Bet TypeProbability of WinningOddsBet AmountPotential PayoutExpected Value

In this table:

  • The moneyline bet has an EV of $0, meaning it is a break-even bet.
  • The spread bet has a positive EV of $0.51, indicating a profitable bet.
  • The over/under bet has an EV of $0, another break-even scenario.
  • The parlay bet has a negative EV of -$2, suggesting a likely loss over time.

Common Mistakes in Expected Value Calculation

1. Ignoring Vig (Juice)

Bookmakers include a margin in their odds, known as the vig or juice. Ignoring this can lead to overestimated expected values. Always account for the bookmaker’s margin when calculating EV.

2. Biased Probability Assessment

Allowing personal bias or inadequate research to influence probability assessment can result in incorrect expected values.

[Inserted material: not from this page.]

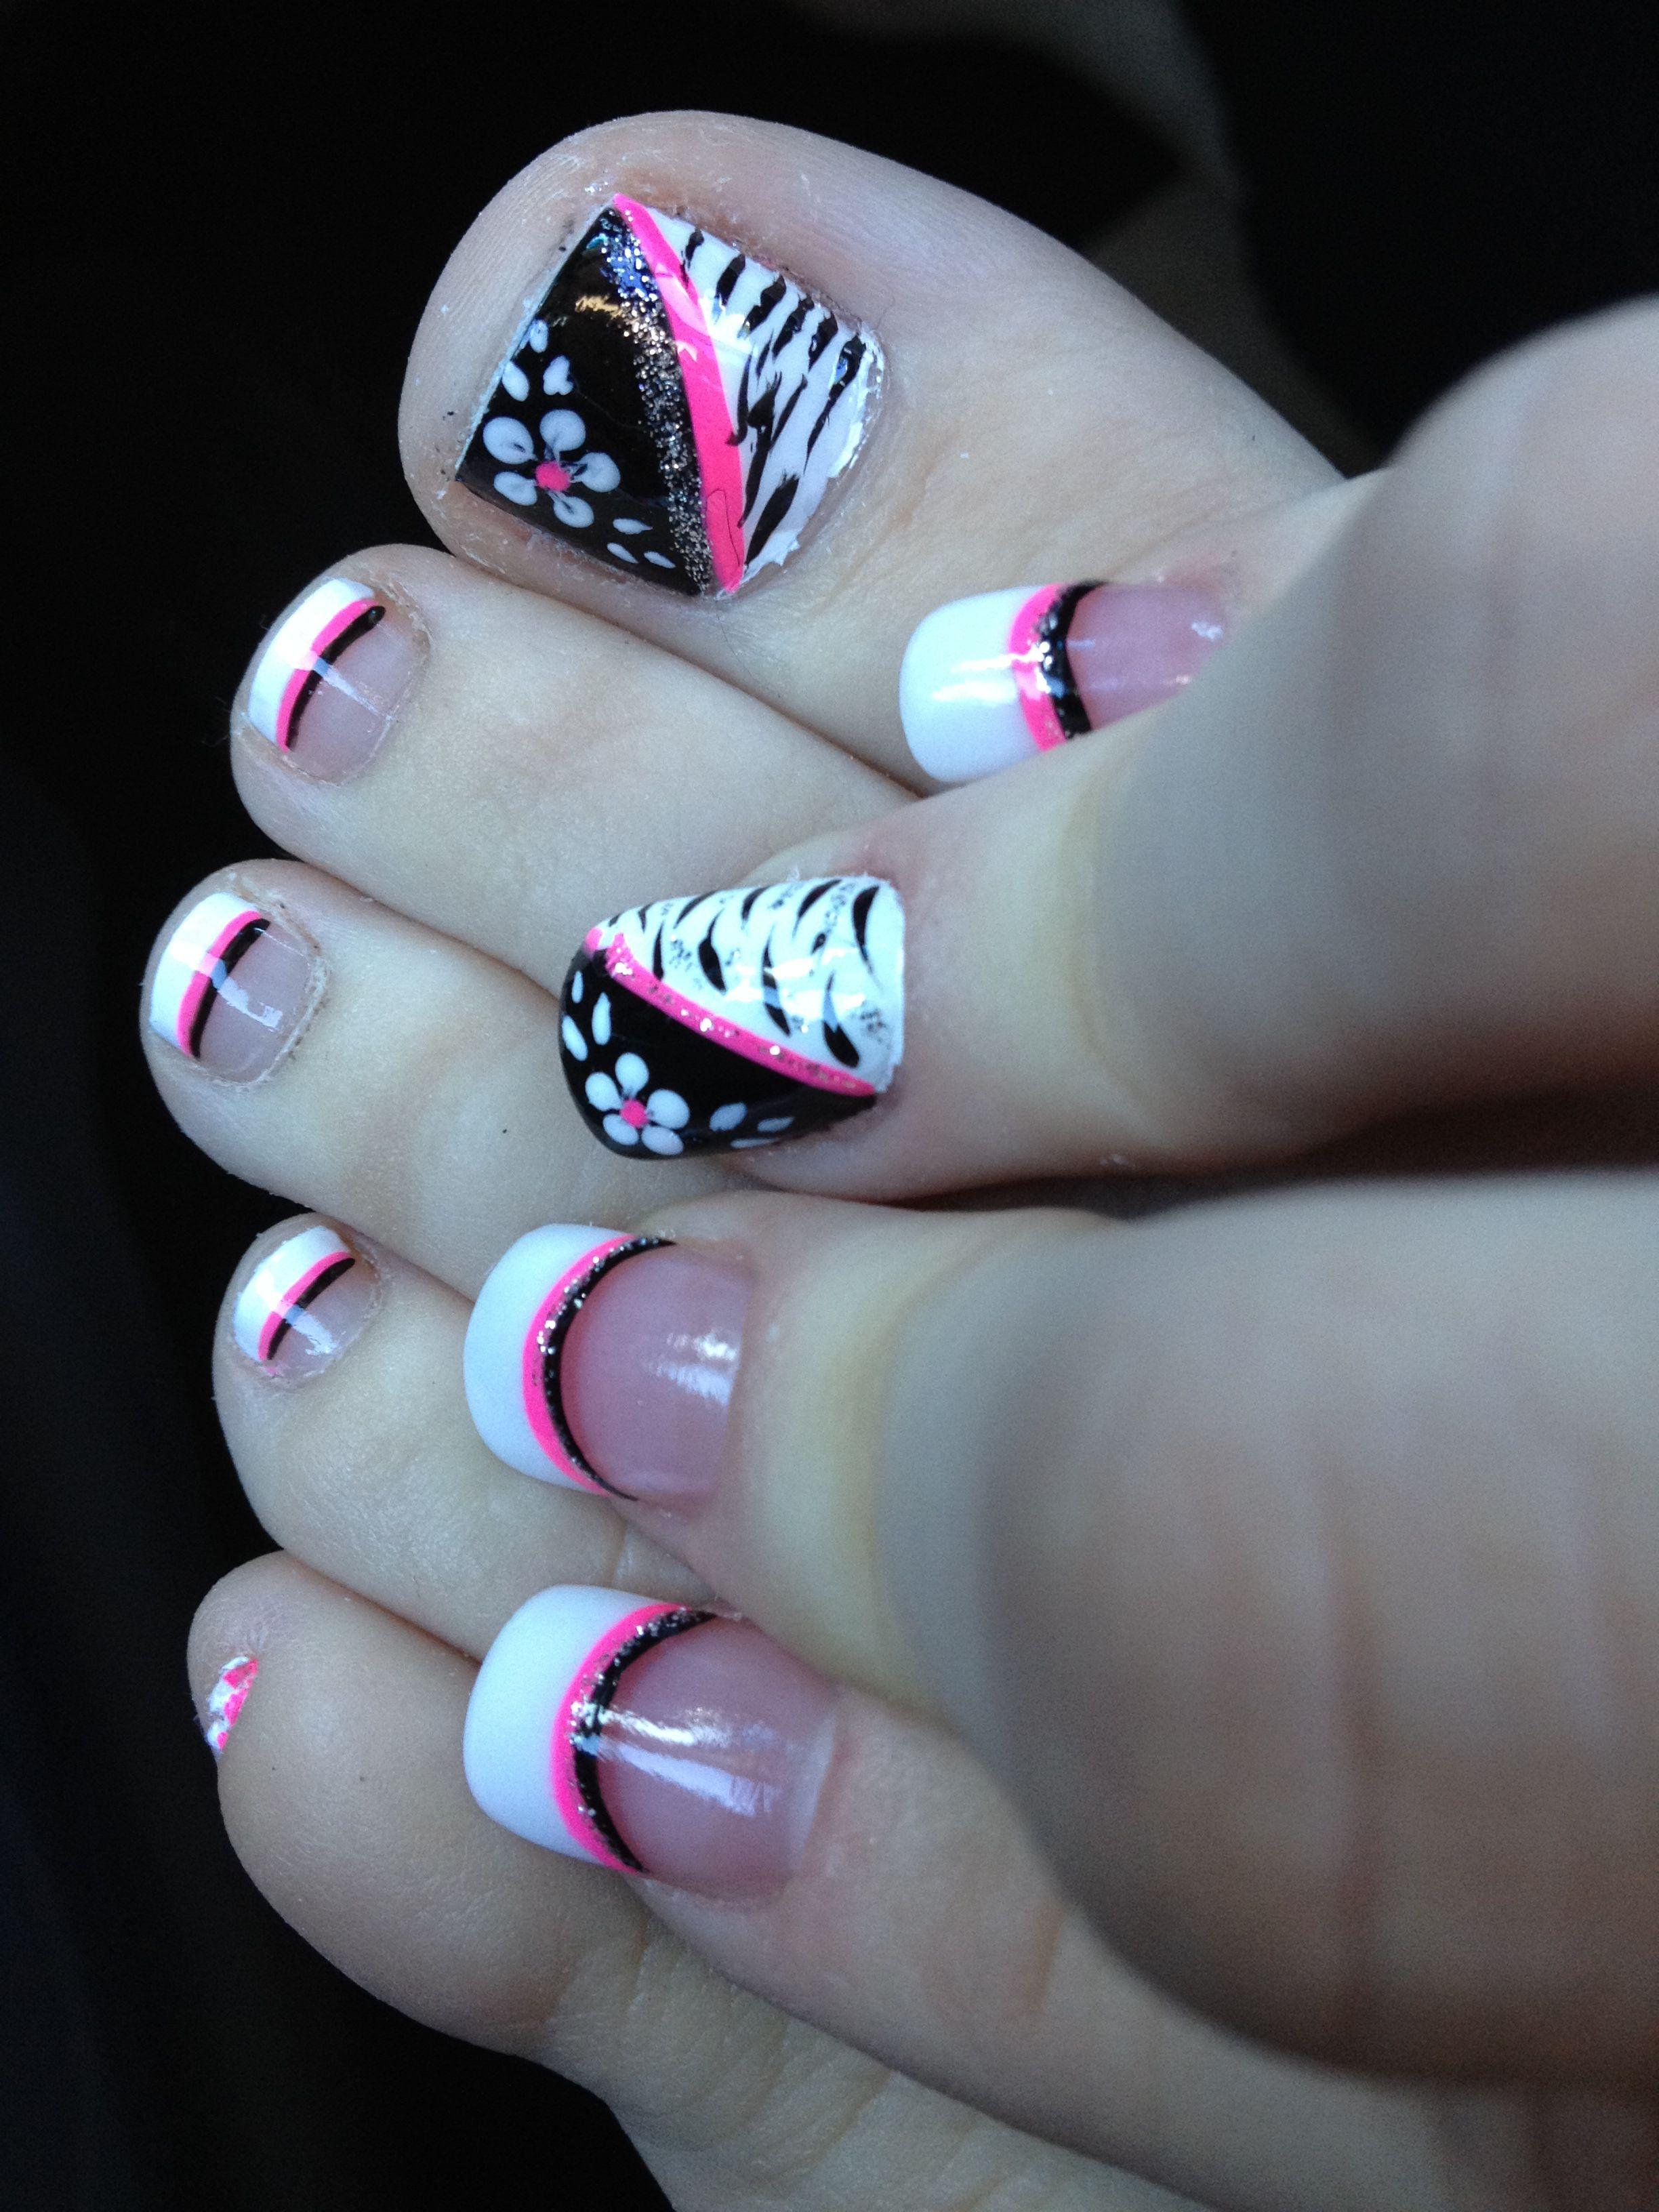 Matching toes! She has a tiny pinkie toe nail like me! ahaha ...
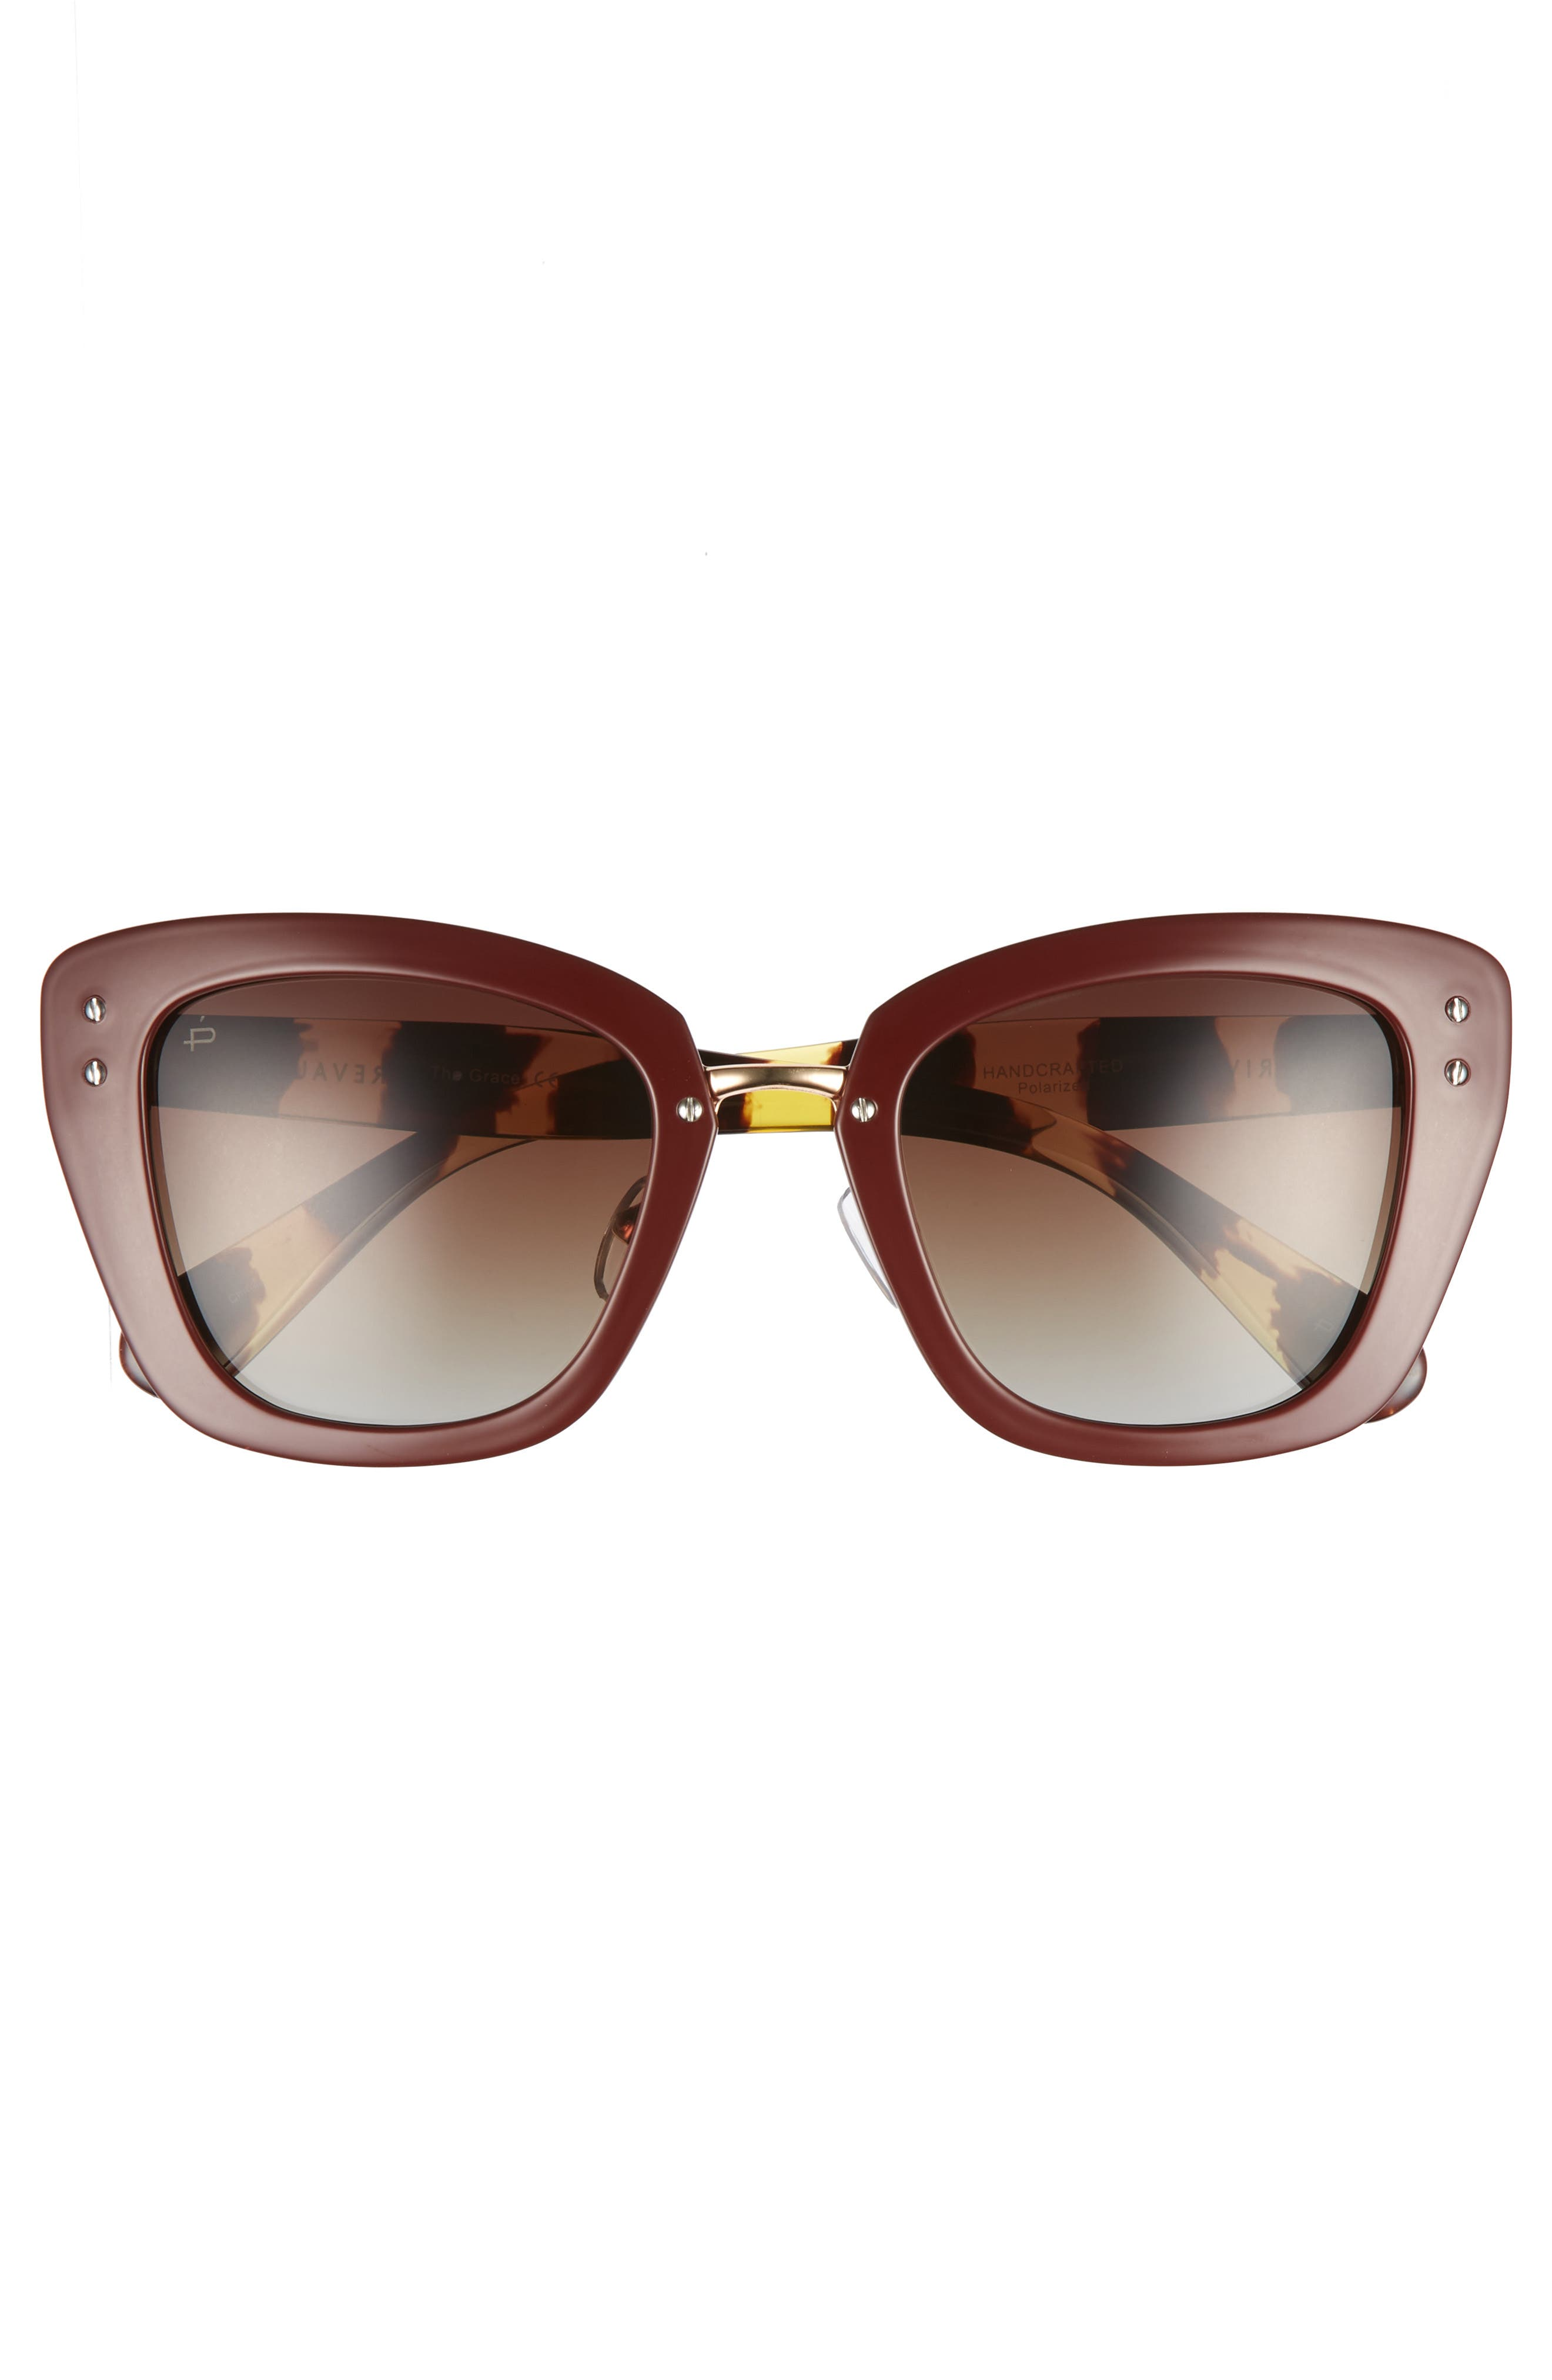 Privé Revaux The Grace 52mm Cat Eye Sunglasses,                             Alternate thumbnail 3, color,                             RED

Ensure your probabilities are based on objective data and analysis.

3. Not Considering Long-Term Implications

Focusing solely on short-term results can be misleading. Expected value calculations are most effective when considered over many bets, emphasizing the importance of long-term strategy.

Tips for Accurate EV Calculation

  1. Research and Analyze Data: Use reliable sources and statistics to estimate probabilities accurately.
  2. Compare Odds Across Bookmakers: Different bookmakers offer varying odds, affecting the expected value.
  3. Monitor Market Movements: Odds can change based on market conditions, influencing the potential EV.
  4. Manage Bankroll Wisely: Only wager amounts you can afford to lose to minimize risk.
  5. Track Your Bets: Keep records of your bets and their outcomes to analyze performance and refine your strategy.

Understanding how to calculate expected value in betting is an essential skill for any bettor aiming to make informed and profitable decisions. By considering probabilities, odds, and potential payouts, bettors can identify wagers with positive expected values and improve their chances of success in the long run. Whether you’re placing a sports bet or exploring other betting markets, mastering the concept of expected value will enhance your betting strategy and help you make smarter, more informed bets.